Description
A low calorie spinach and mushroom omelette packed with protein and fresh vegetables. A light, healthy breakfast ready in 15 minutes.
Ingredients
- 3 large eggs
- 1 tablespoon milk
- 1/4 teaspoon kosher salt, divided
- 1/8 teaspoon black pepper, divided
- 1 teaspoon olive oil
- 1 cup sliced mushrooms
- 1 cup fresh baby spinach
- 1 tablespoon chopped fresh parsley
Instructions
- In a small bowl, whisk together eggs, milk, 1/8 teaspoon salt, and 1/16 teaspoon black pepper until well combined and slightly frothy.
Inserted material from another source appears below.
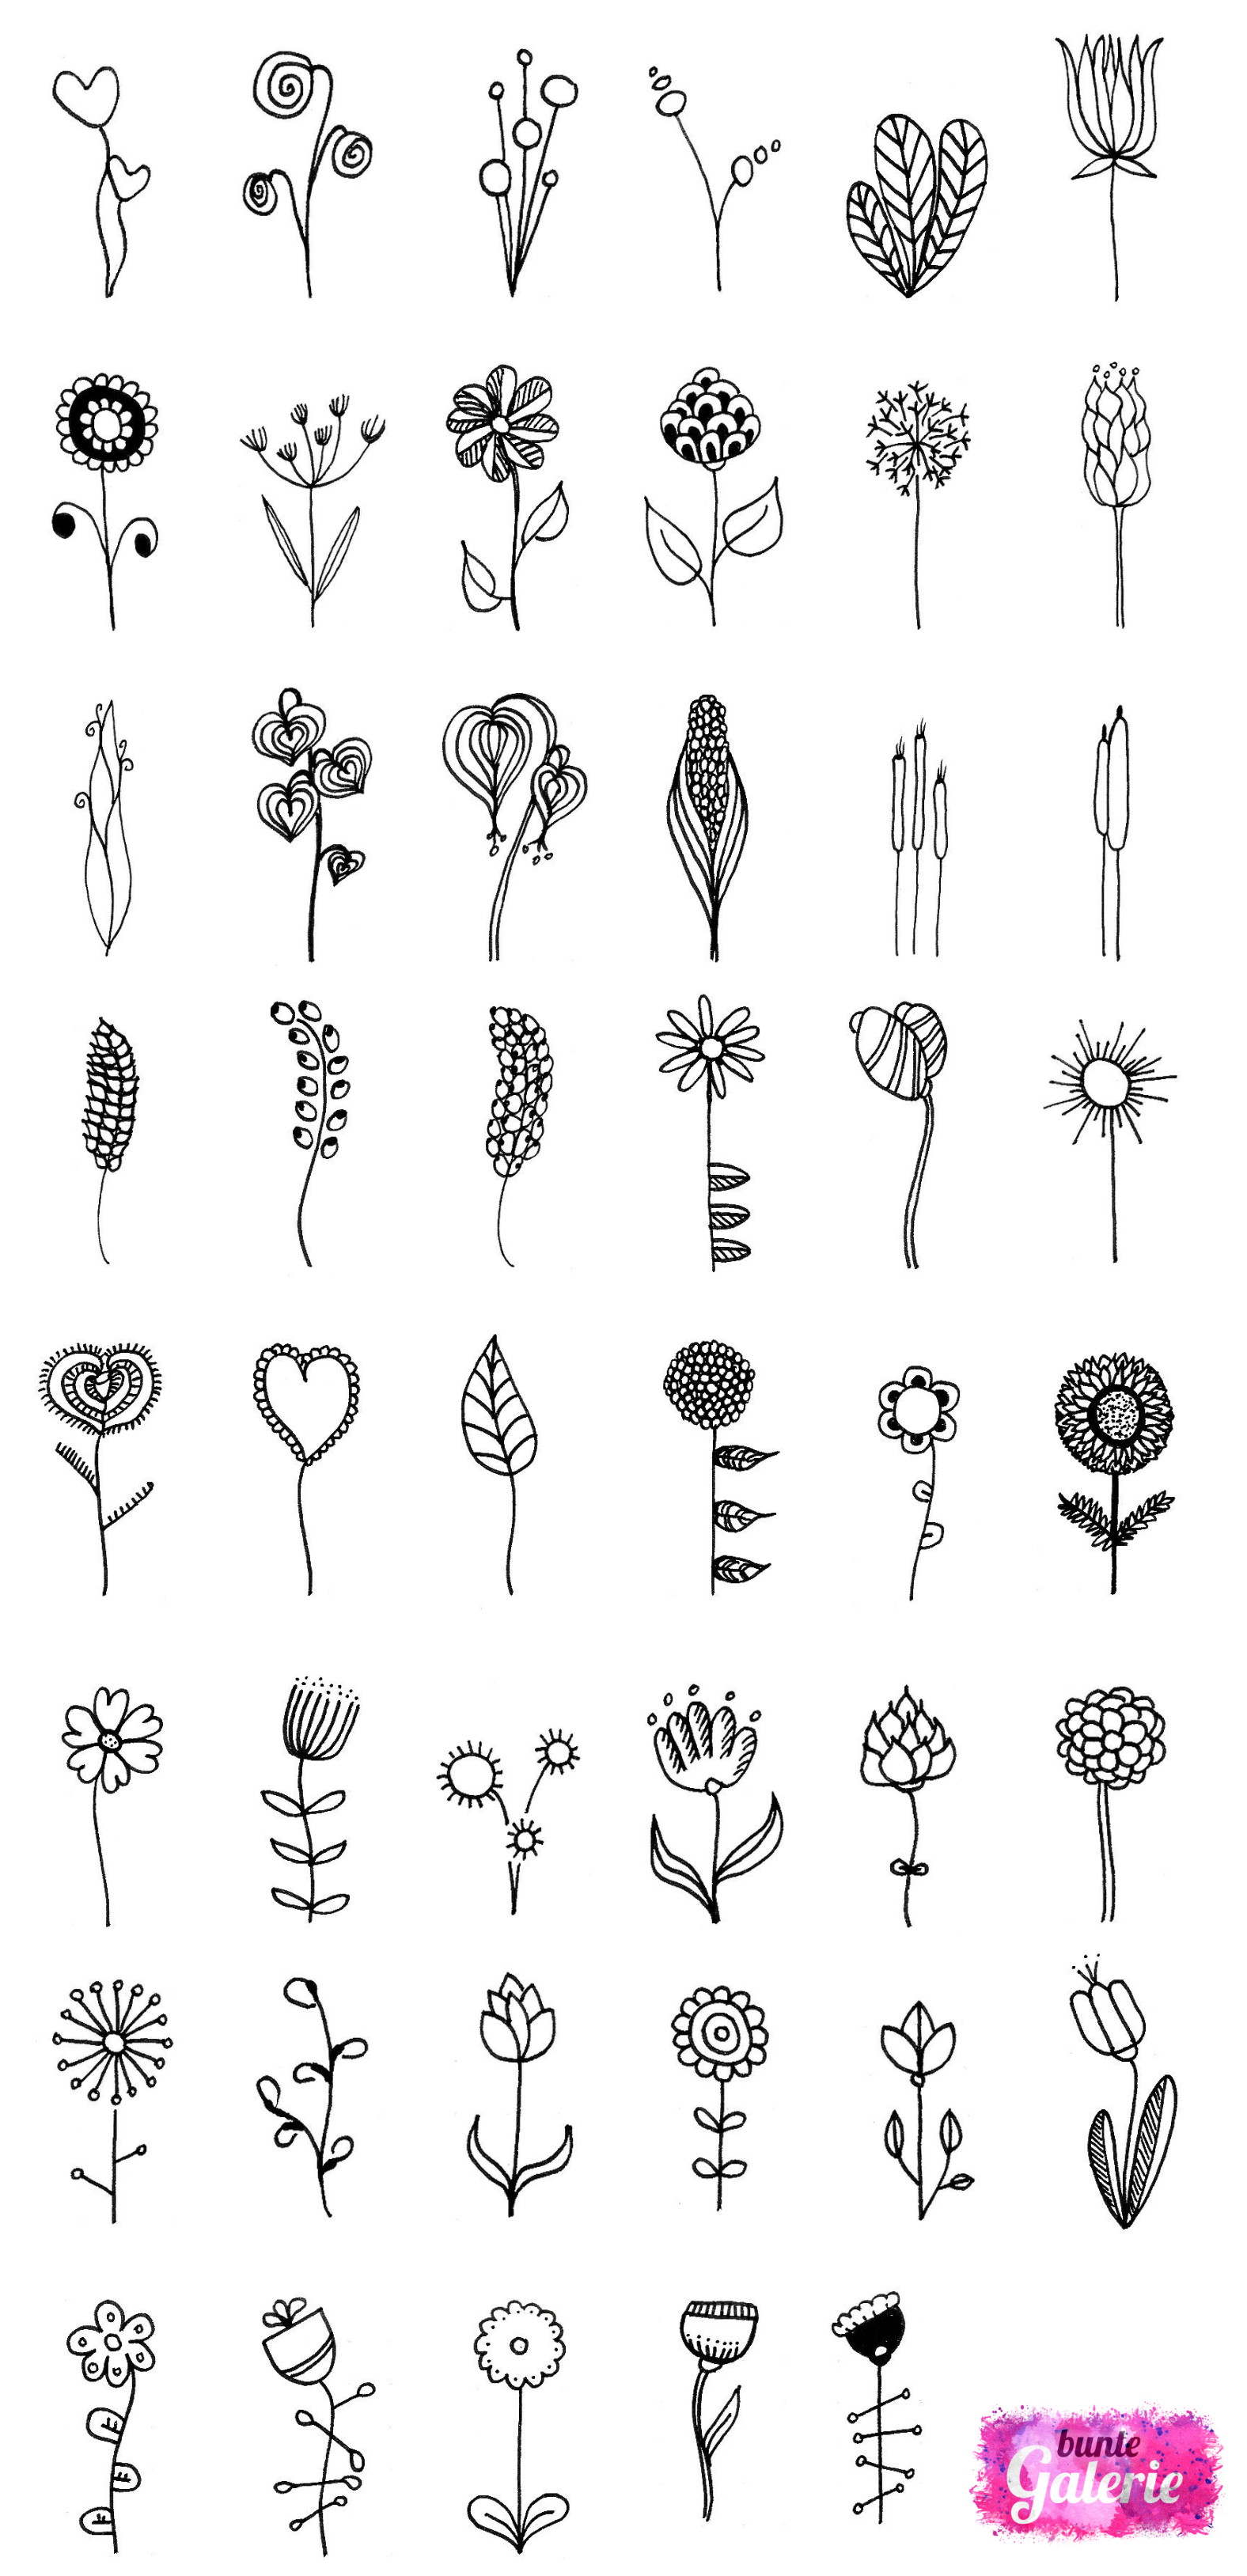 Doodle Blumen zur Inspiration bei Deinen eigenen Zeichnungen

- Heat olive oil in a nonstick skillet over medium heat. Add sliced mushrooms and cook for 3 to 4 minutes until softened and lightly golden. Sprinkle with remaining 1/8 teaspoon salt and 1/16 teaspoon black pepper.
- Add fresh spinach to the skillet and cook for 30 to 60 seconds until just wilted. Spread the vegetables evenly across the pan.
- Reduce heat to medium low. Pour the egg mixture evenly over the vegetables.
- Let the eggs cook undisturbed for 1 to 2 minutes until the edges begin to set.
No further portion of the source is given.